Objections are made to the instructions upon the ground that the issues with regard to punitive damages, and the bearing of evidence thereon, were not made sufficiently clear. No more specific instructions were asked, but as the appellee in his brief contends that punitive damages may be allowed on the basis of implied malice it is proper to pass upon the question so presented. The state of the law on the subject is exhibited by these quotations:

“If express malice on the part of the defendant is shown, exemplary or punitive damages are proper. So if the defamation was recklessly or carelessly published, punitive damages may properly be awarded as well as where the defamation was induced by the personal ill will of defendant. On the other hand there are many authorities to the effect that if express malice or recklessness equivalent thereto is not shown on the part of defendant, exemplary damages can not be awarded. But in other jurisdictions it is held that where malice exists exemplary damages may be given, and that it is immaterial whether the malice is actual or implied in law.” (25 Cyc. 536.)
“In a good many cases it has been held, that an award of punitive or exemplary damages may be based merely upon the malice which the law will imply from an unauthorized and unjustifiable publication or utterance of defamatory words. But the great weight of authority is otherwise, and supports the view that in order for such a recovery to be proper there must be *393some proof of actual or express malice, or at least of such recklessness or carelessness on the part of the defendant as is equivalent to an actual intent to violate the rights of others.” (18 A. & E. Encycl. of L. 1093.)
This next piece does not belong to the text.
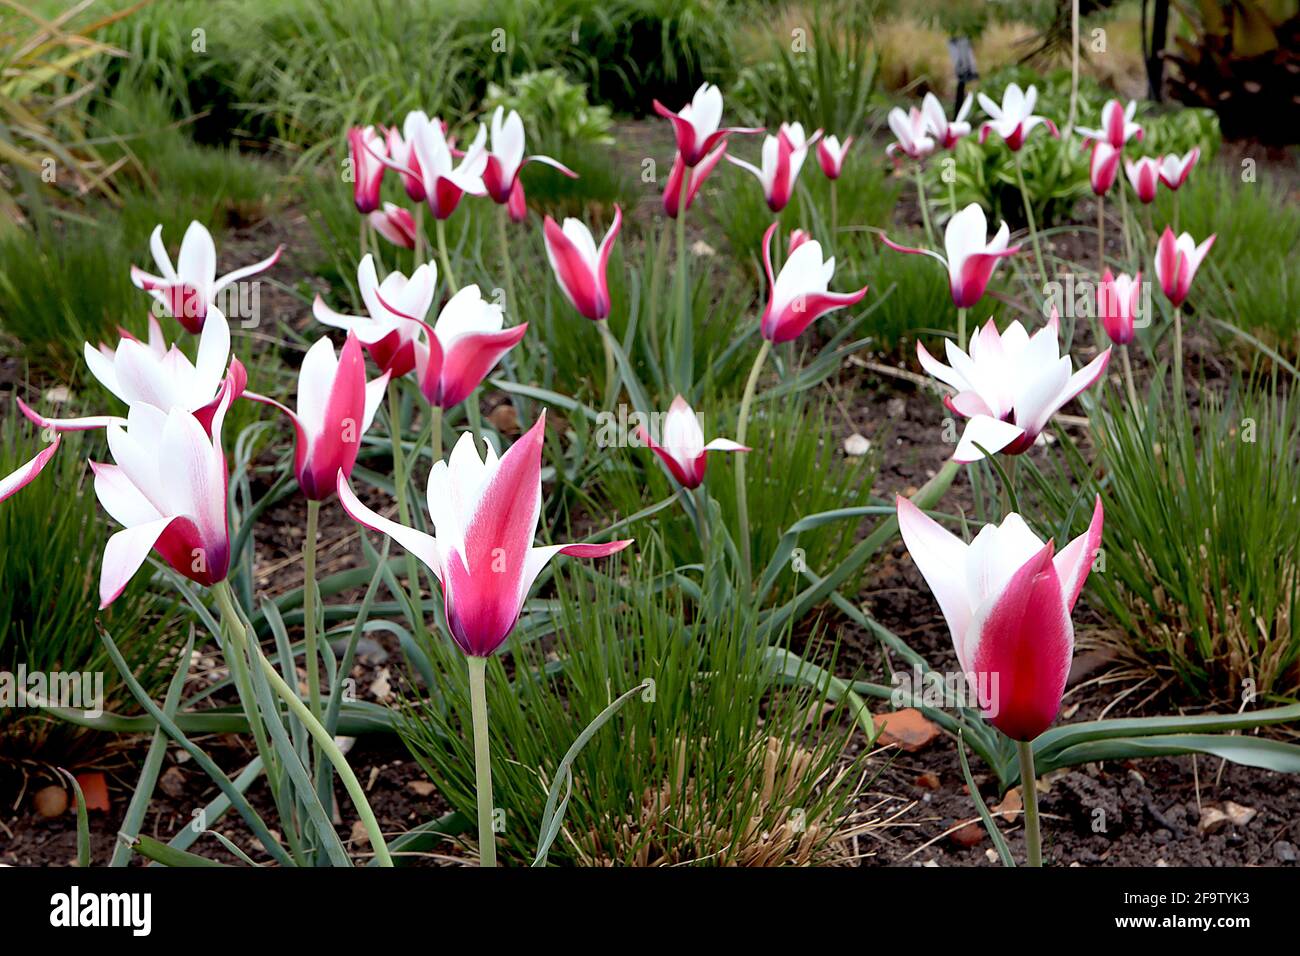 Tulipa clusiana ‘Peppermint Stick’  Species tulip 15 Peppermint Stick tulip - carmine red flowers, white edges, white inner petals, April, England, UK Stock Photo

Both the works quoted place Kansas in the category of the states that deny punitive damages except upon a showing of express, as distinguished from implied, malice, upon the strength of Walker v. Wickens, 49 Kan. 42, 30 Pac. 181. The classification is correct. The implied malice referred to in the case cited is malice inferred from various circumstances. In this jurisdiction punitive damages are not allowed merely upon the basis of the malice implied by the law from the intentional doing of a wrongful act.

Complaint is made of the overruling of a motion to. make the petition more definite and certain, but its allegations seem sufficiently specific.

The judgment is reversed and the cause remanded for a new trial.